→ Data for this task:
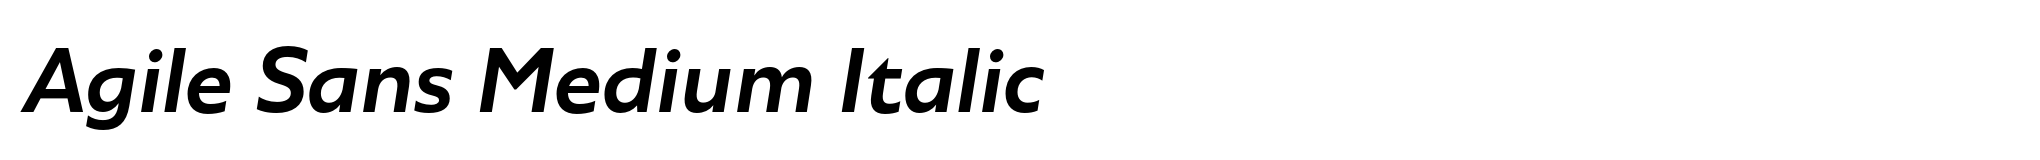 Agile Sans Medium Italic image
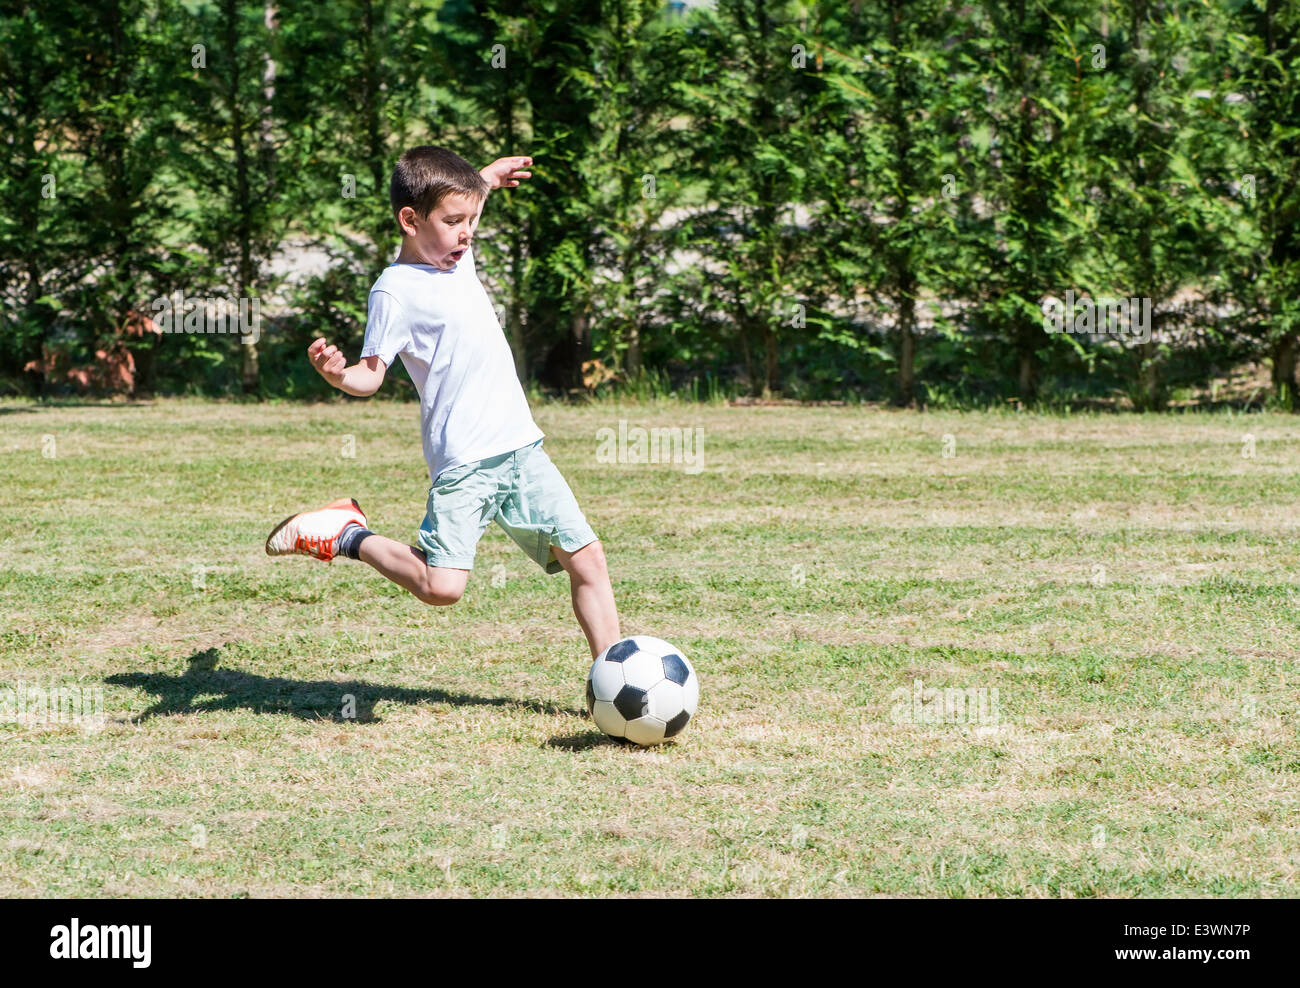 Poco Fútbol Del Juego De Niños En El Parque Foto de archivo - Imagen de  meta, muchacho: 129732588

==

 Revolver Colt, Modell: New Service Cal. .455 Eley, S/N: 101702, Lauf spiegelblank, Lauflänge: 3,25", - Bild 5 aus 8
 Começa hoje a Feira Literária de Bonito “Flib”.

==

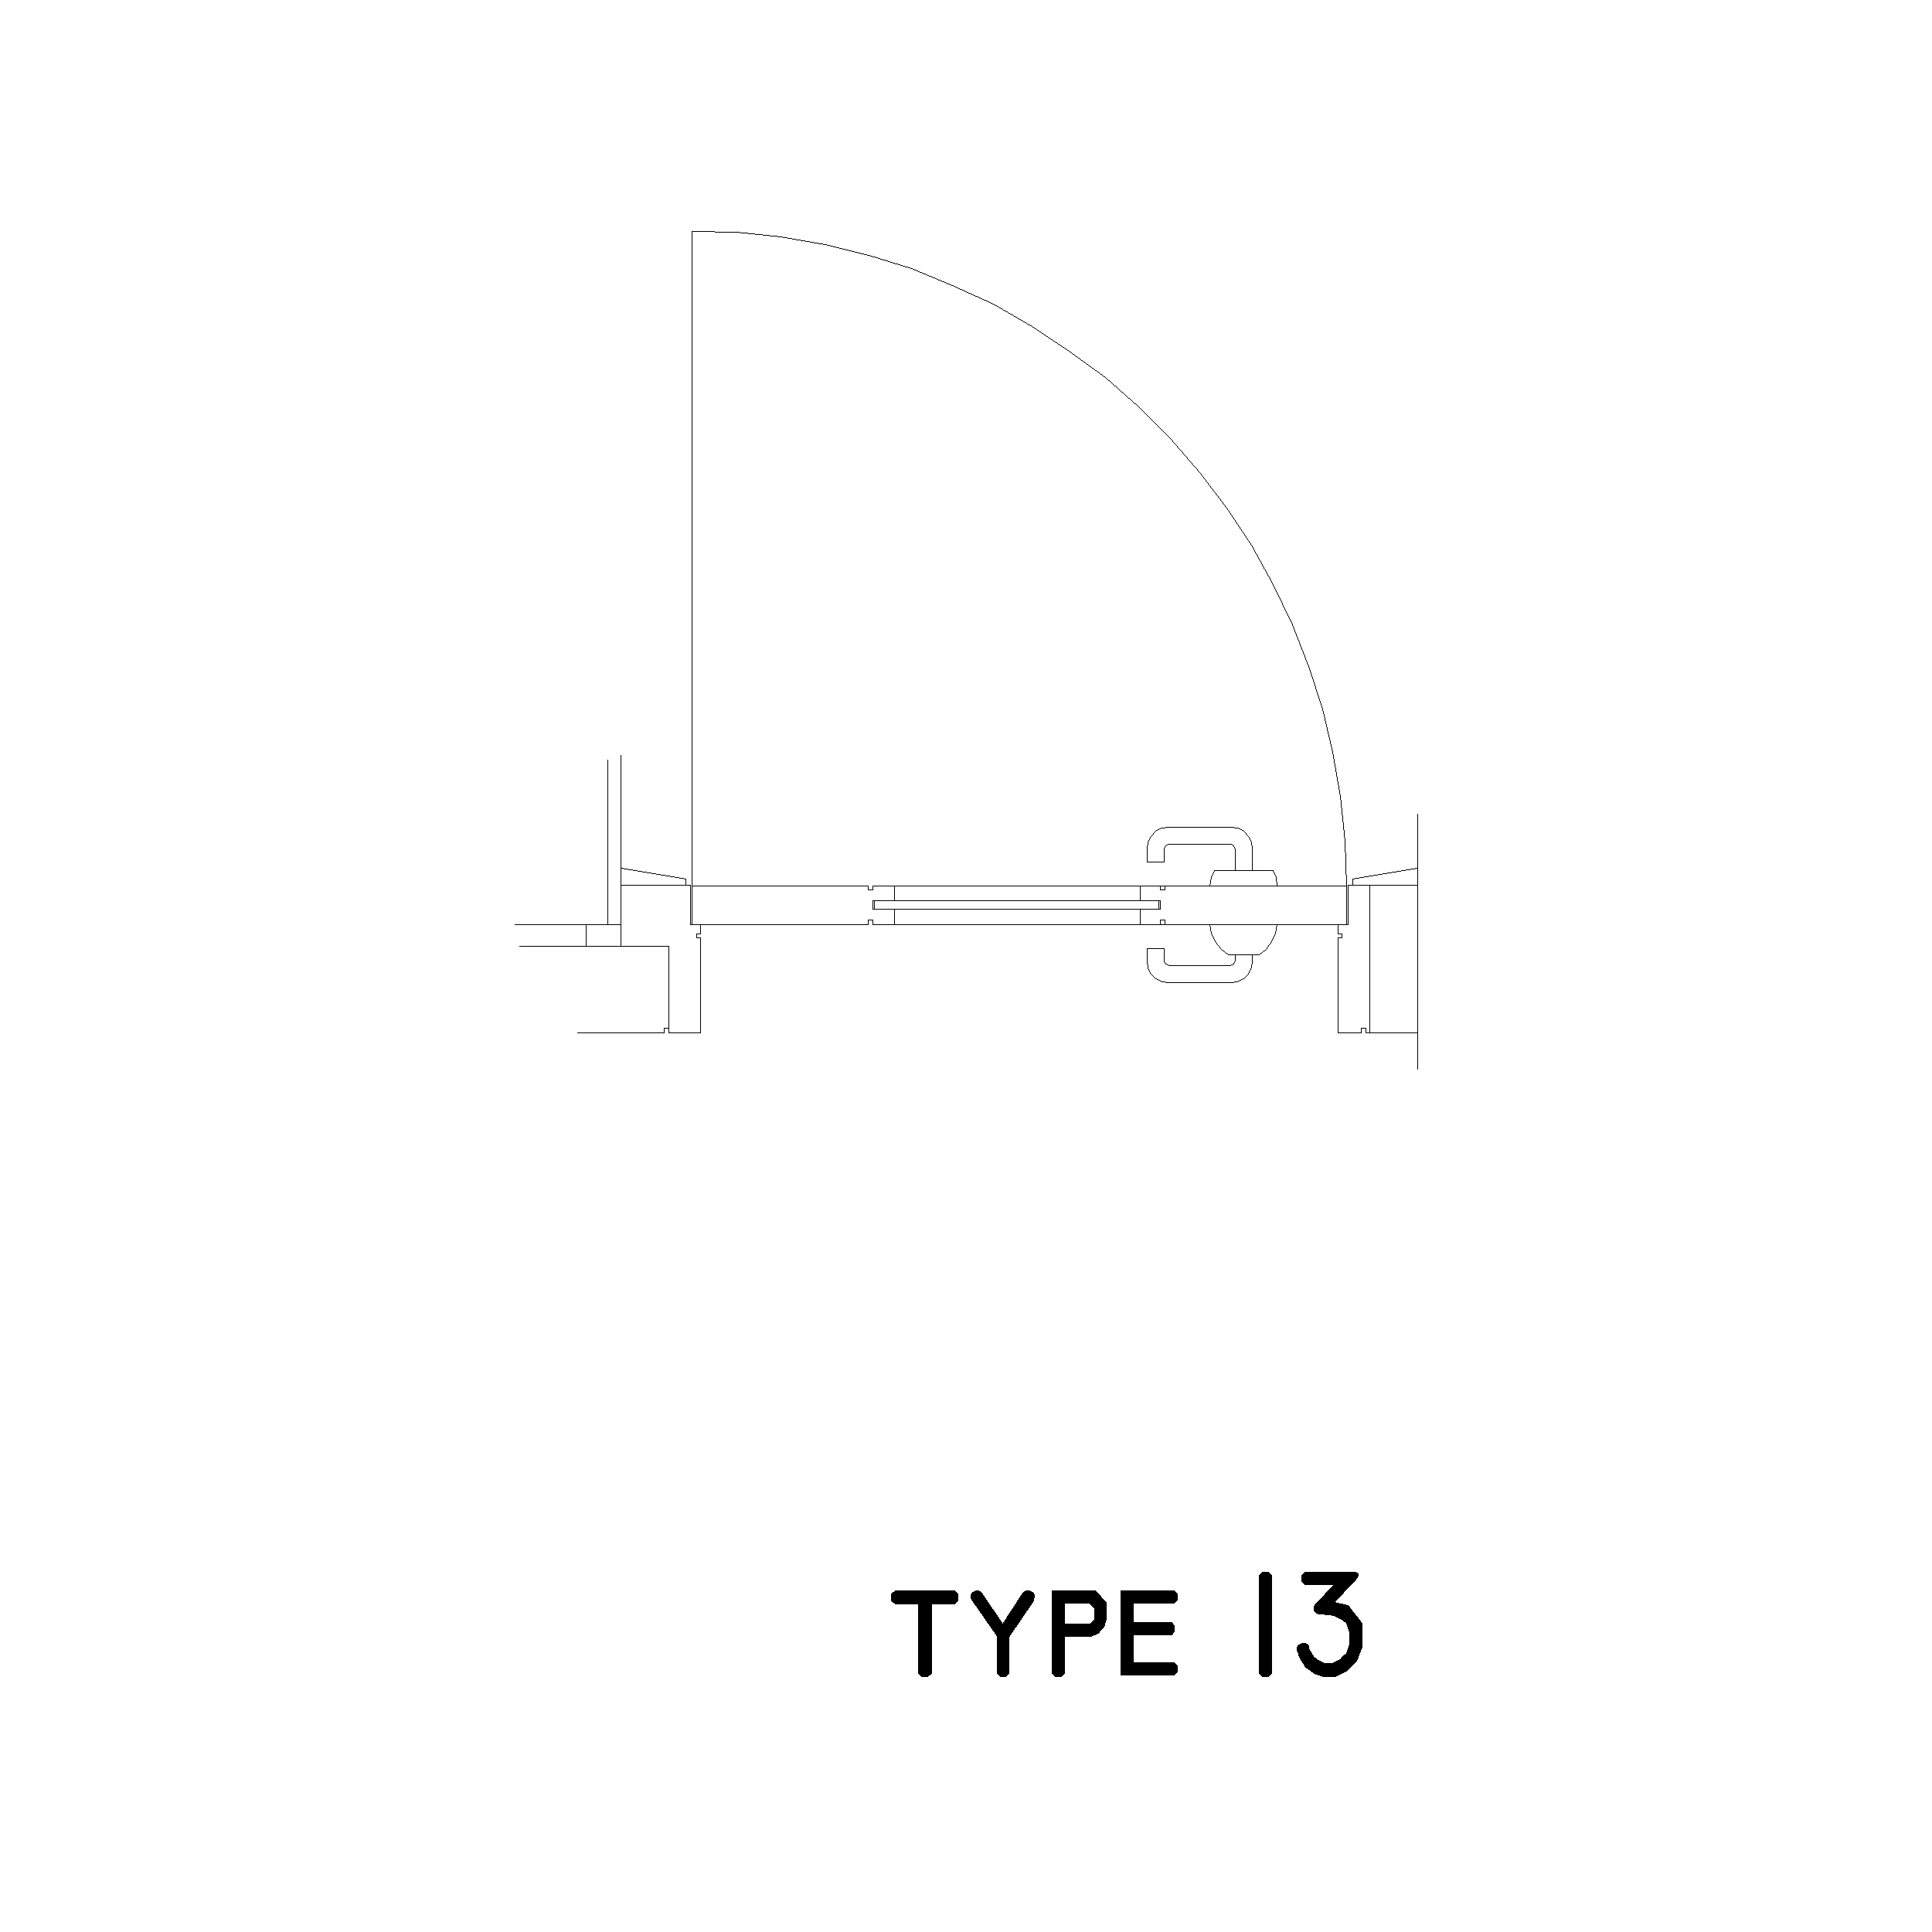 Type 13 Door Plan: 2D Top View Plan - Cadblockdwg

→ Assigned task: Look above for the line containing "Agile Sans Medium Italic image", then write out every line from there down to the line containing "Poco Fútbol Del", that line included, with no pictures.

→ Written reply:
 Agile Sans Medium Italic image
 Poco Fútbol Del Juego De Niños En El Parque Foto de archivo - Imagen de  meta, muchacho: 129732588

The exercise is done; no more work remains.